(Provided data begins)

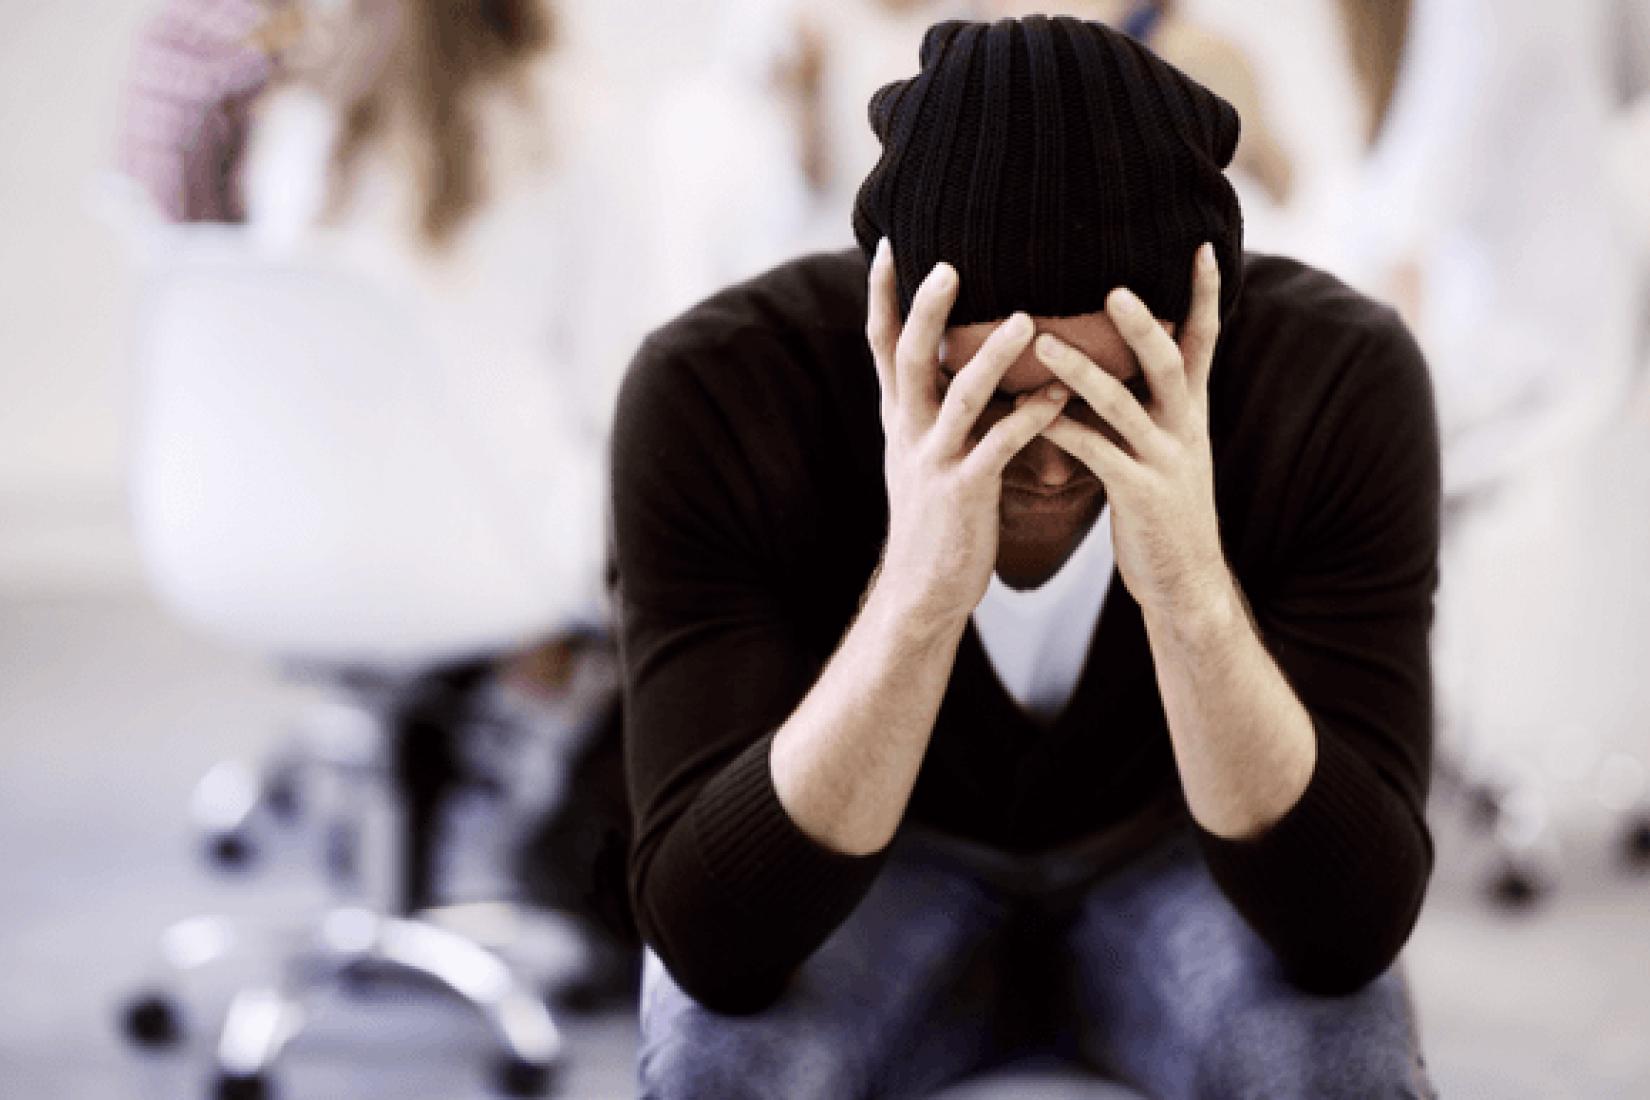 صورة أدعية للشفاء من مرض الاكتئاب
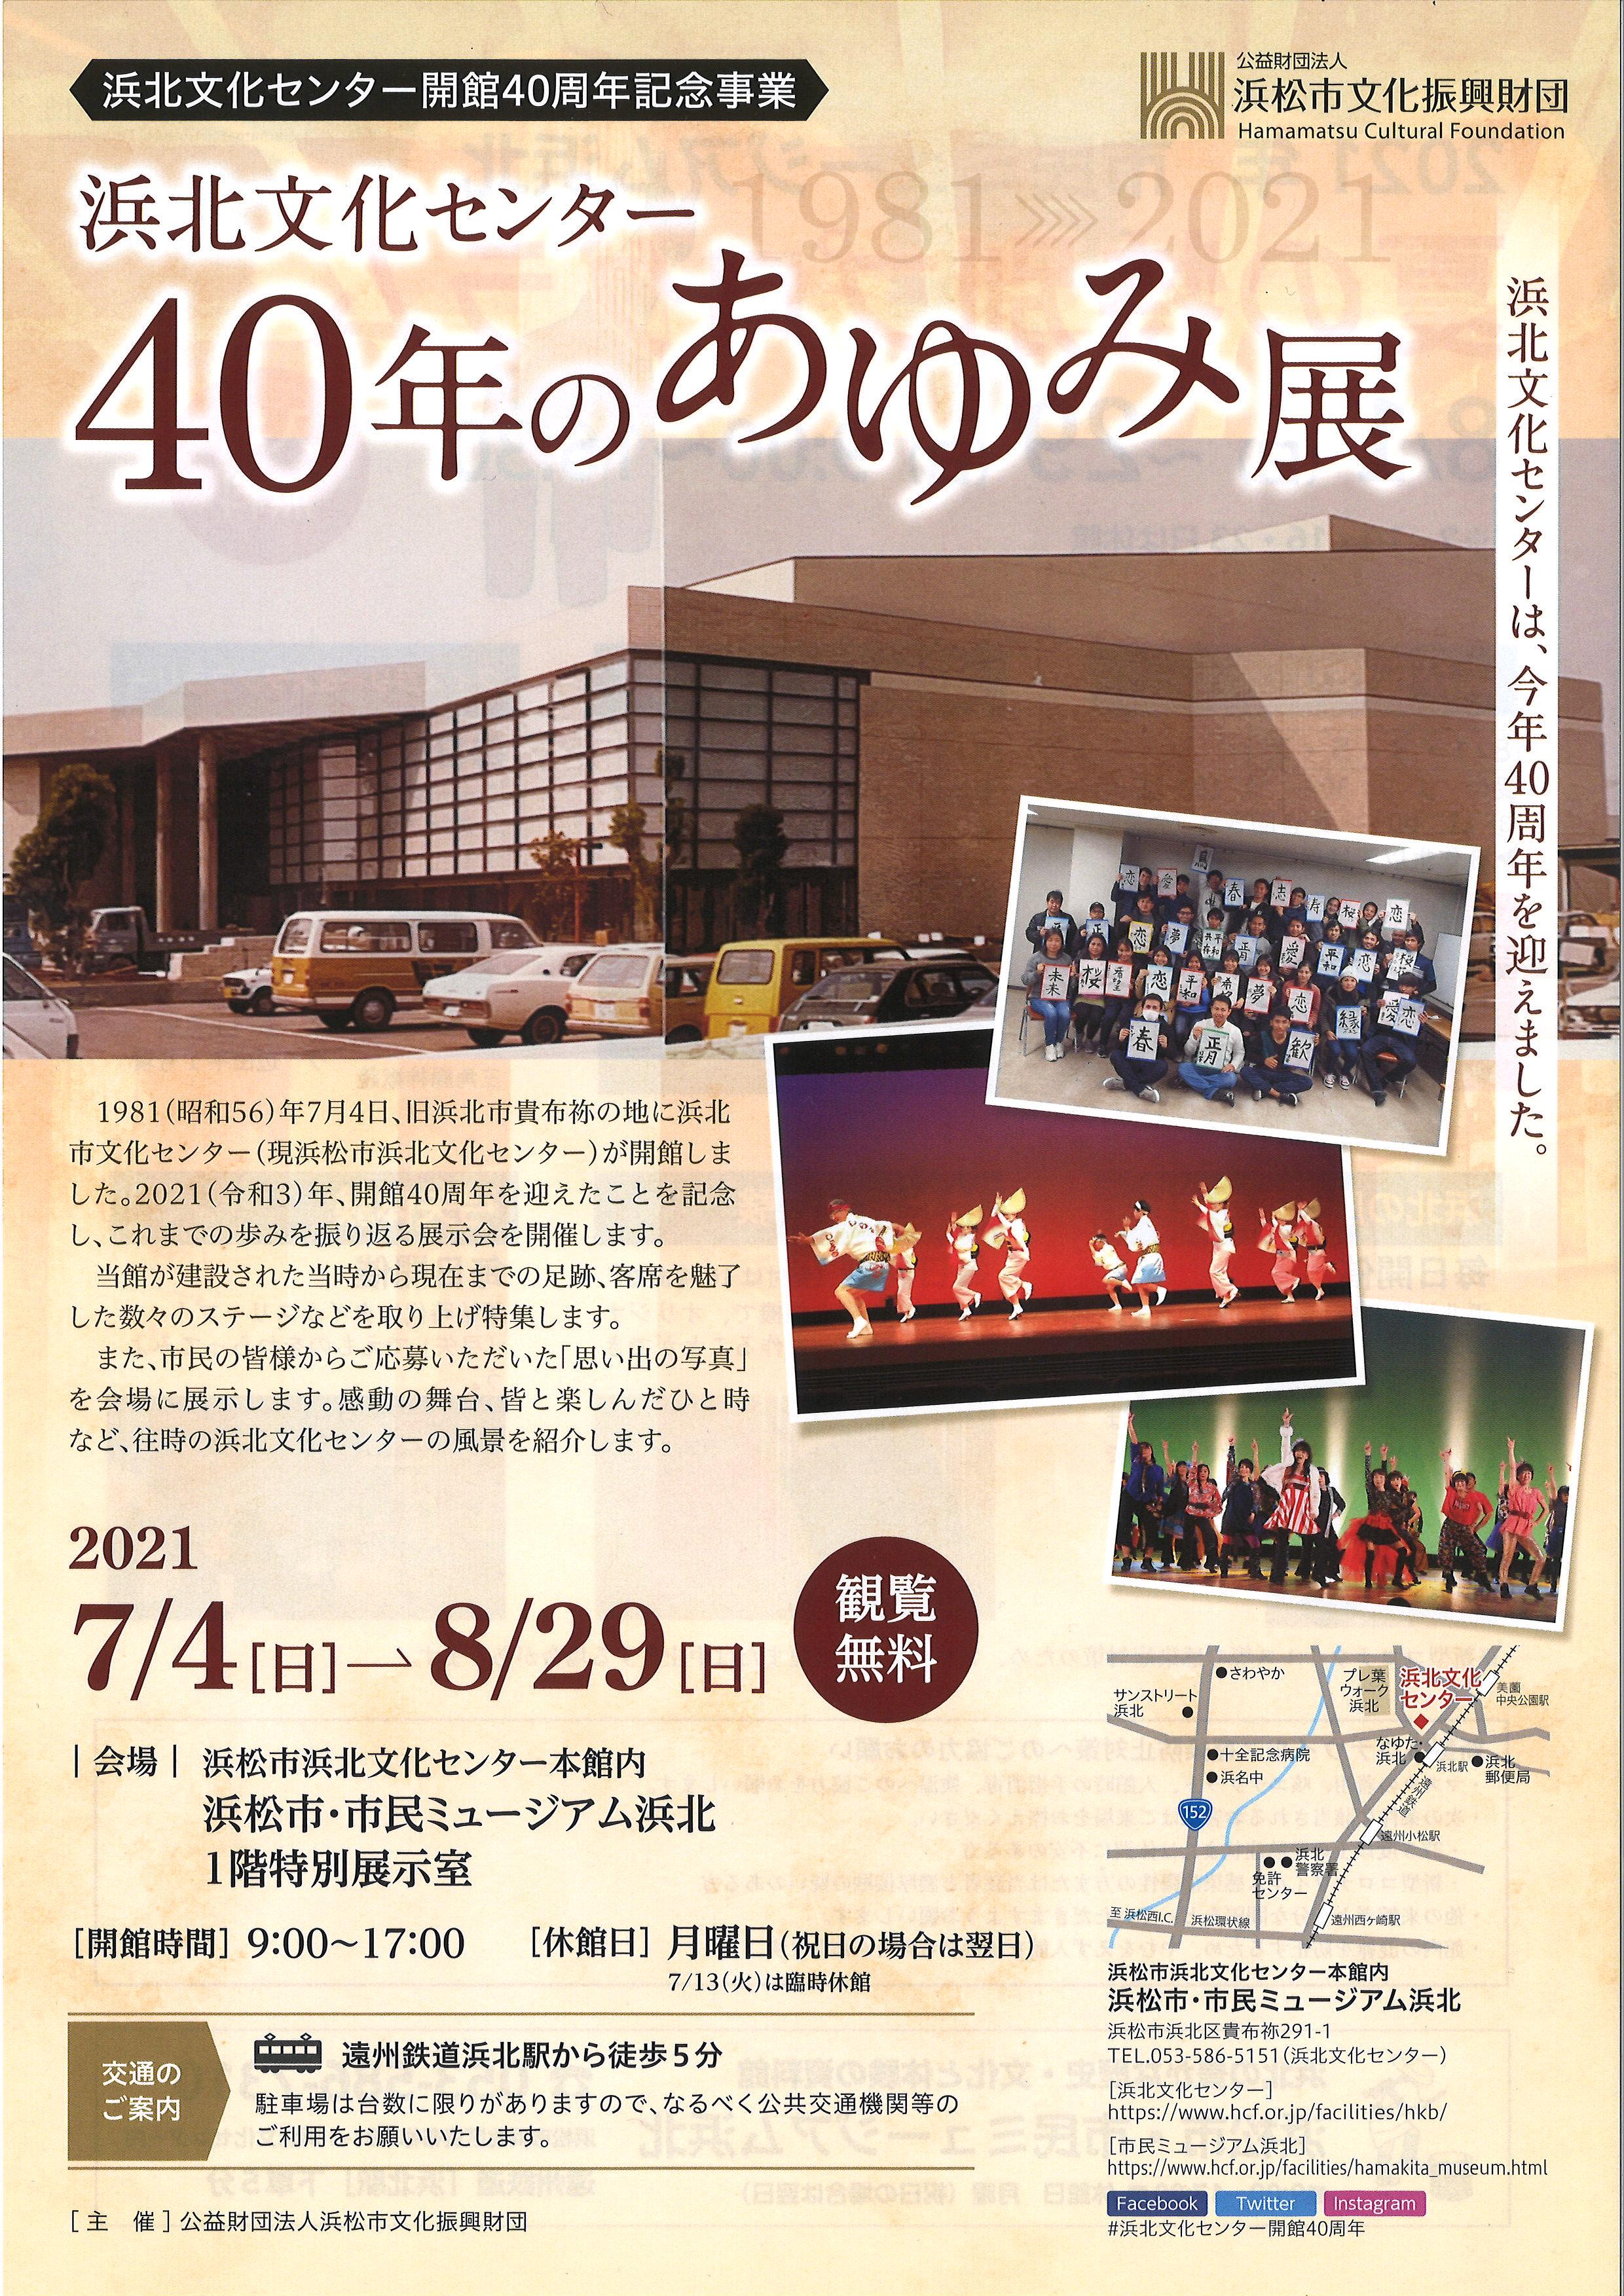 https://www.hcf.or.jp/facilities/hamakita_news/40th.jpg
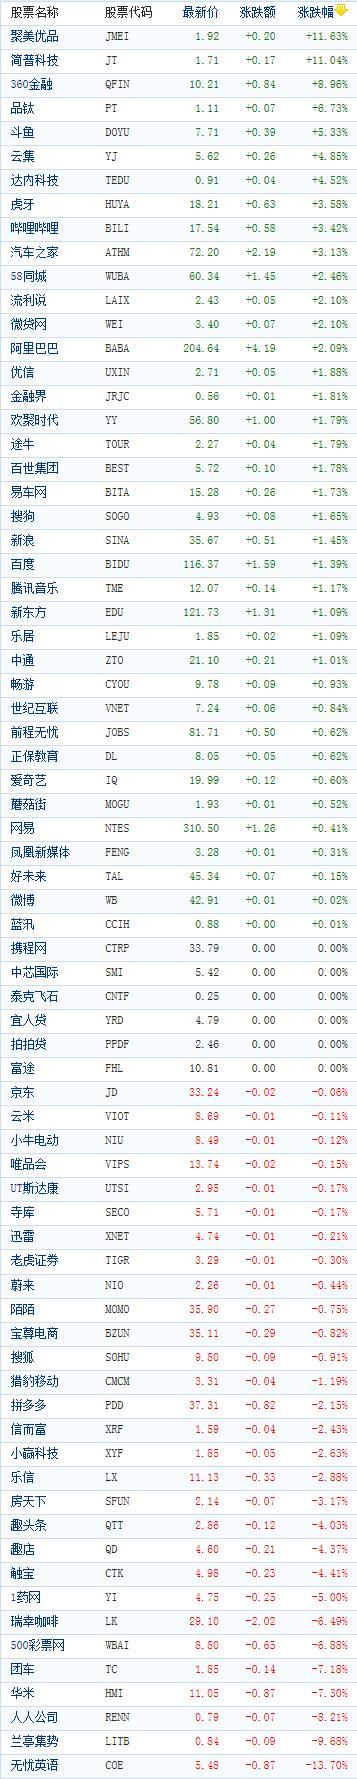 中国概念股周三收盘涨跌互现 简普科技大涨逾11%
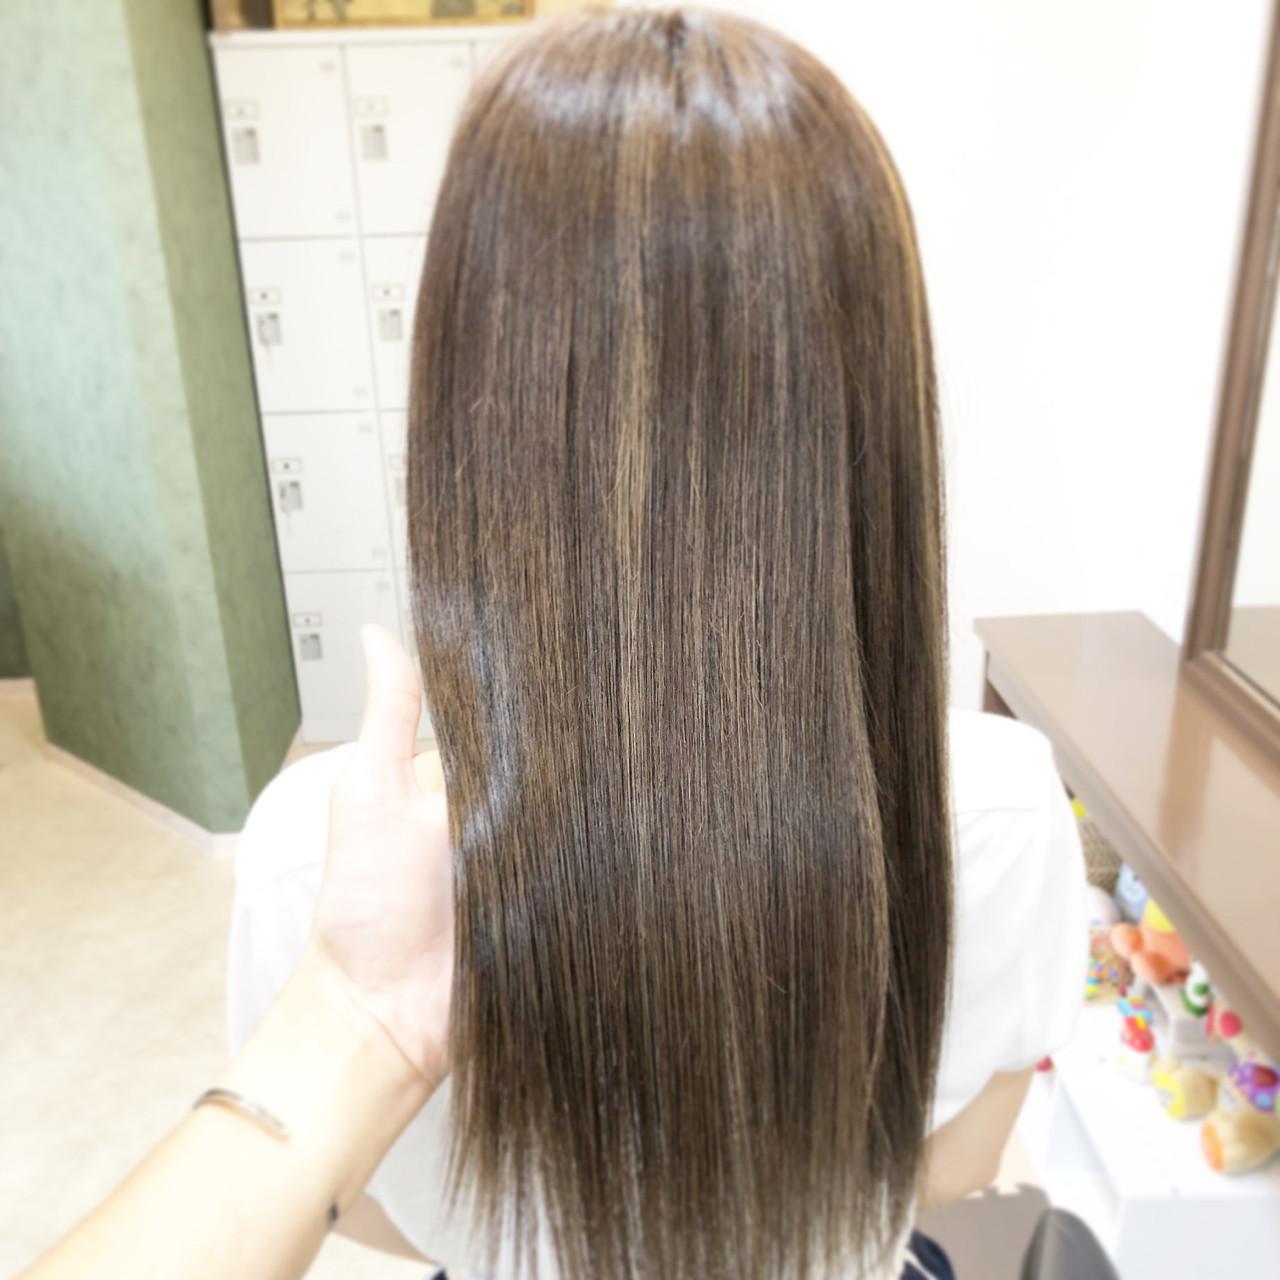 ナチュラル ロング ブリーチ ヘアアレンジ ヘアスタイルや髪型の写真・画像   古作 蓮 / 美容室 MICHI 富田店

(Provided data ends)

[Problem] Give the lines from the one containing "中国概念股周三收盘涨跌互现 简普科技大涨逾11%" through the last line of the material again, exactly and with no pictures, both ends included.

[Answer space]
 中国概念股周三收盘涨跌互现 简普科技大涨逾11%
 ナチュラル ロング ブリーチ ヘアアレンジ ヘアスタイルや髪型の写真・画像   古作 蓮 / 美容室 MICHI 富田店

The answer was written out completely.